Trump did not once mention the tens of millions of people left jobless by the economic crisis or the millions more facing hunger and eviction after the White House and Congress worked together to slash federal unemployment benefits, even as the wealth of the oligarchs soars to astronomical heights.

Metropolitan Police confront protestors on the ground Thursday night , Aug. 27, 2020, in Washington, after President Donald Trump had finished delivering his acceptance speech from the White House South Lawn. (AP Photo/Julio Cortez)

In Trump’s telling, America is a terrestrial paradise, and if people are dissatisfied, it is because they are “agitators.”

Anyone watching this surreal scene will ask, how did this buffoon get anywhere near the White House? And how, after having killed 180,000 people, does he even have the prospect of reelection?

And yet, this outcome is quite possible. That is because Trump’s greatest advantage, as always, is the spinelessness of his Democratic “opponents.”

If there was a unifying theme to last week’s Democratic convention, it was the rejection of any appeal to the broad majority of the population and, in particular, the working class. The event, whose guests of honor were disaffected Republicans and generals, was almost entirely pitched to the Democratic Party’s target constituency in the wealthy suburbs.
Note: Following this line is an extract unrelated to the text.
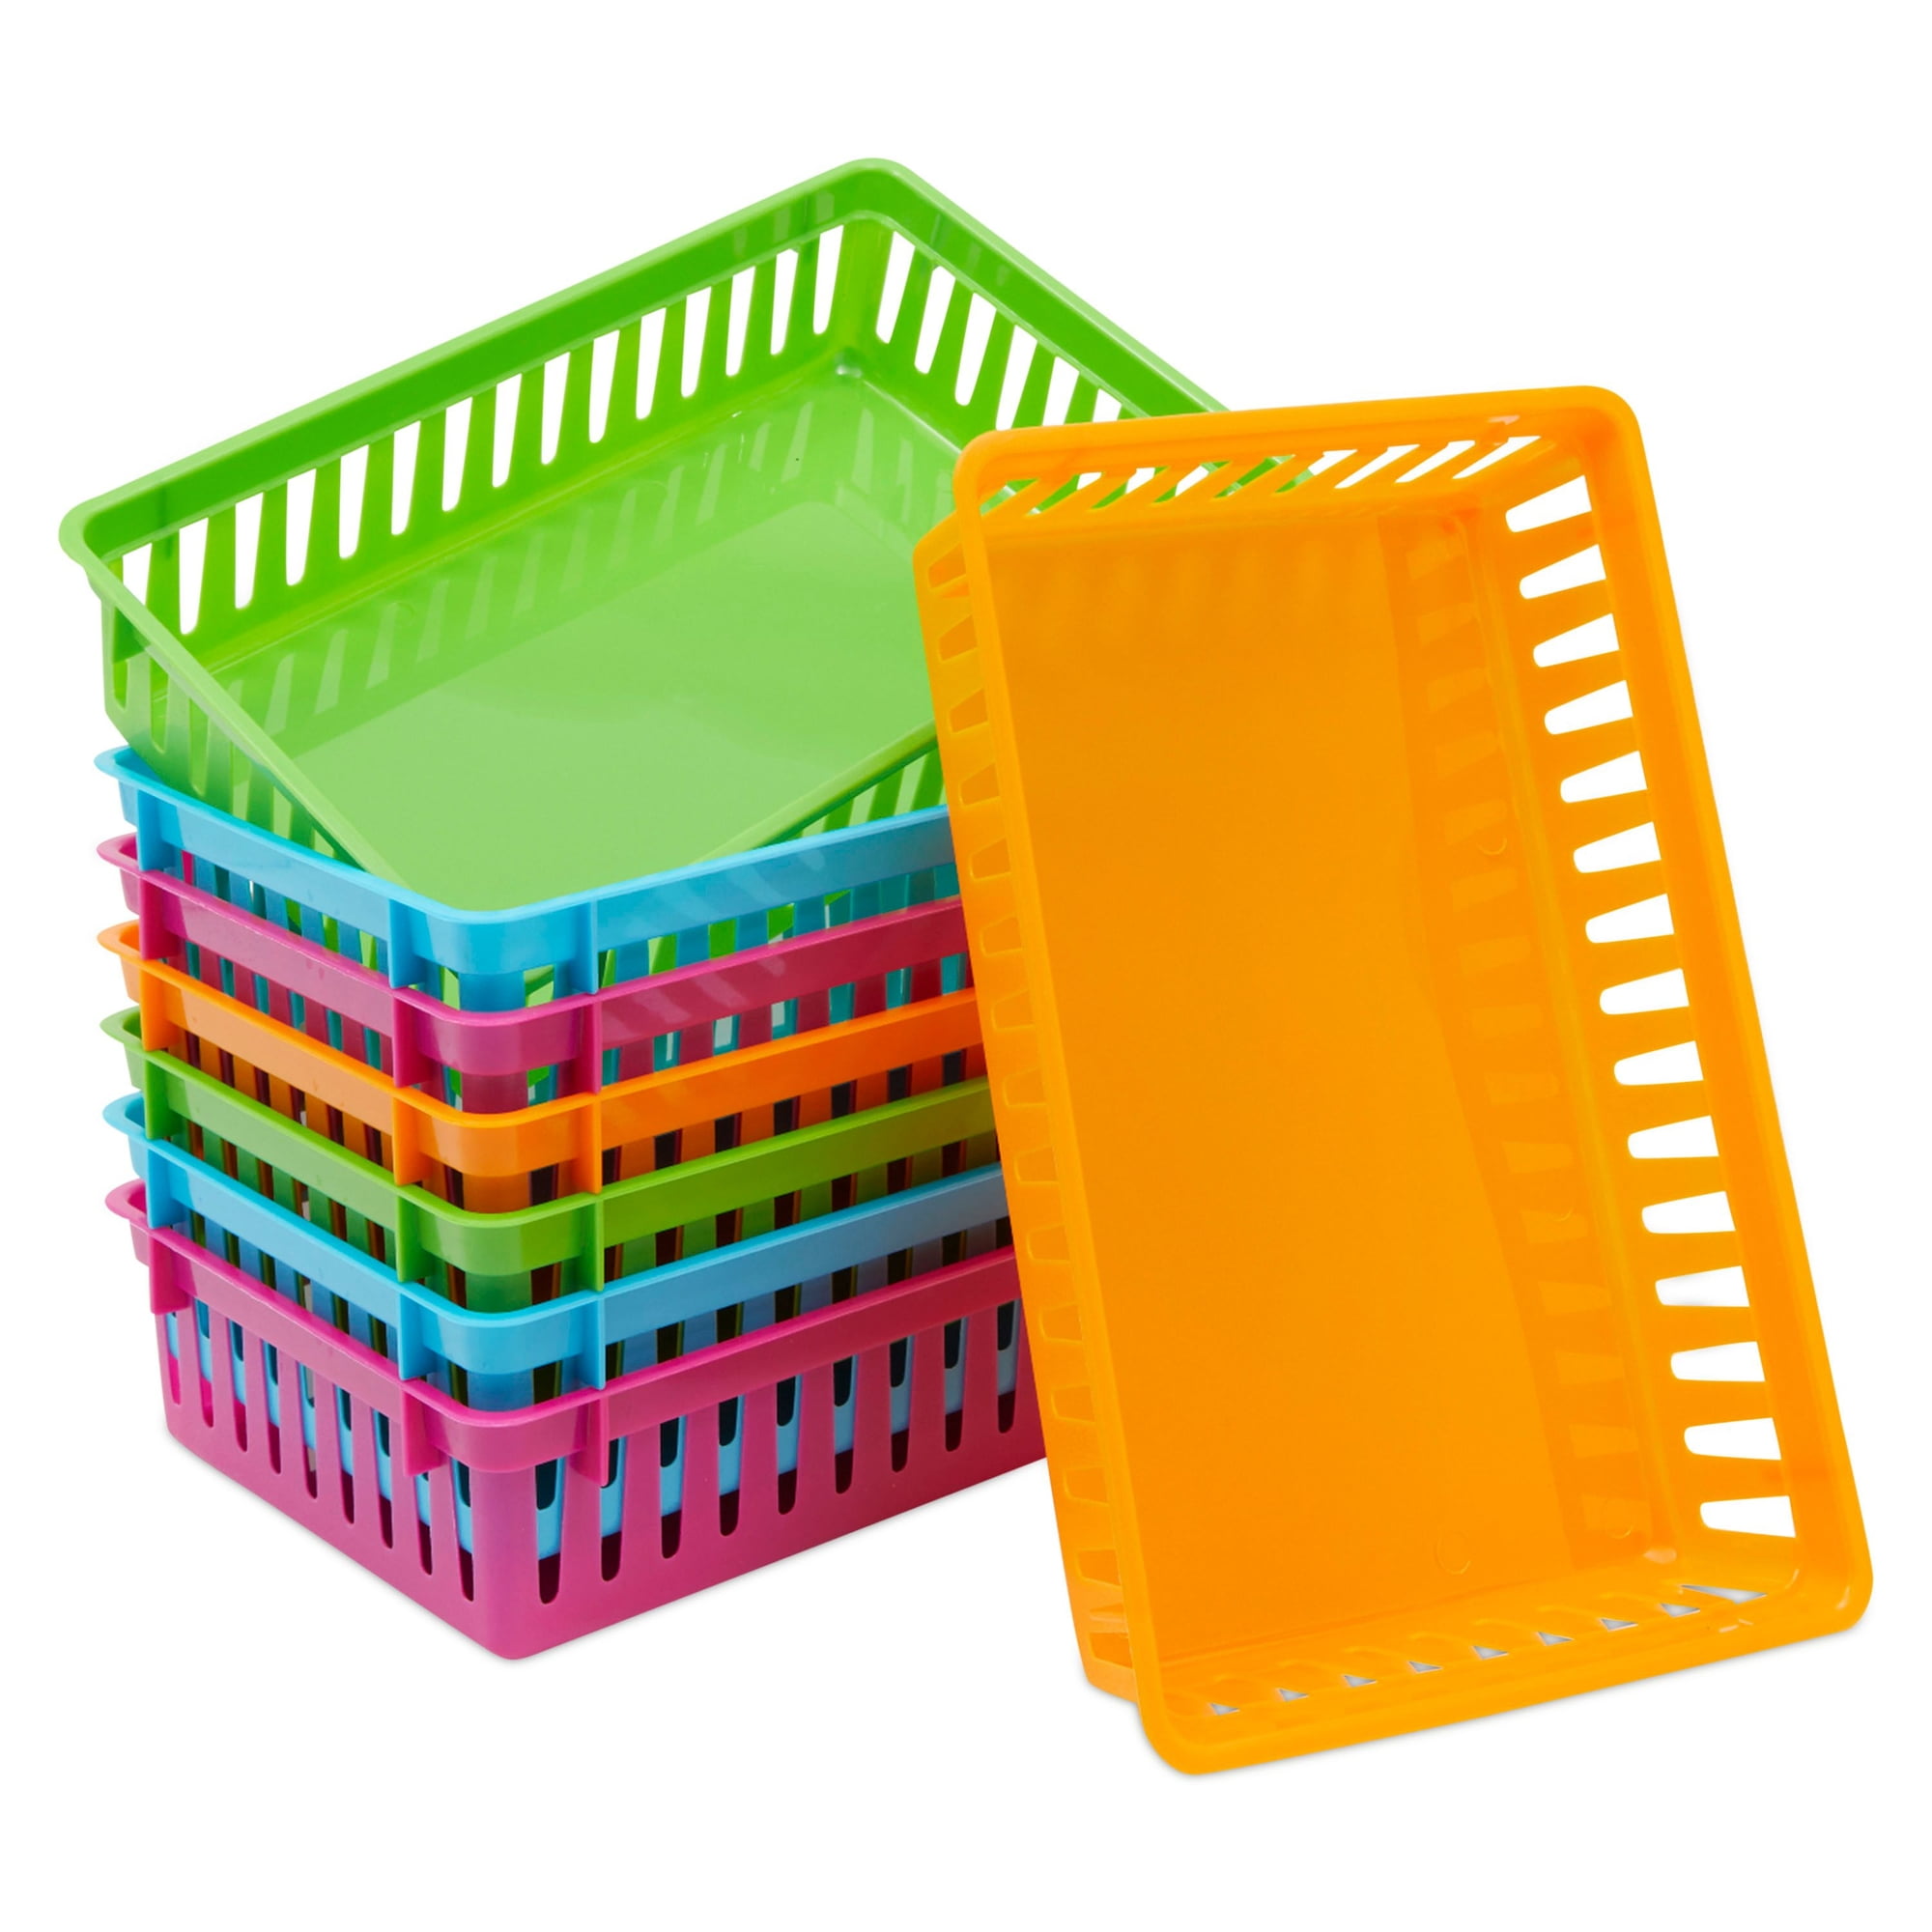 12-Pack Colorful Small Storage Baskets Plastic Bins for Organizing Shelves  and Desks, Arts and Crafts Containers for Home, School, Office (4 Colors,  5.3 x 5.3 x 2.4 in)

The Democrats’ endless promotion of racial and identity politics, and the efforts of the New York Times to justify attacks on the monuments and legacy of figures such as Lincoln, Grant, Jefferson and Washington gave Trump the opportunity to absurdly claim continuity with the Founding Fathers, despite his frontal assault on every tradition of American democracy.

In the final analysis, Trump is pursuing his conflict with the Democrats as a war, while they continue to see it as an “intramural scrimmage,” in the words of former President Barack Obama.

That is because, speaking as one of the two parties of Wall Street and big business, the Democrats are just as terrified of, and hostile to, the growth of mass popular opposition to capitalism as Trump is.

There is an element of truth in Trump’s apocalyptic warnings about the rising tide of socialism. The fact is that Trump, hiding in his White House bunker, really is besieged by socialist sentiment all around him. The American working class, devastated by the economic crisis, increasingly hostile to the back-to-work campaign that Trump is leading, and ever more explicitly hostile to capitalism, is emerging onto the political scene.

It is this social force, not the spineless Democratic Party and the factions of the affluent upper-middle class and Wall Street for which it speaks, that is the real opposition to Trump’s efforts to create an American fascism.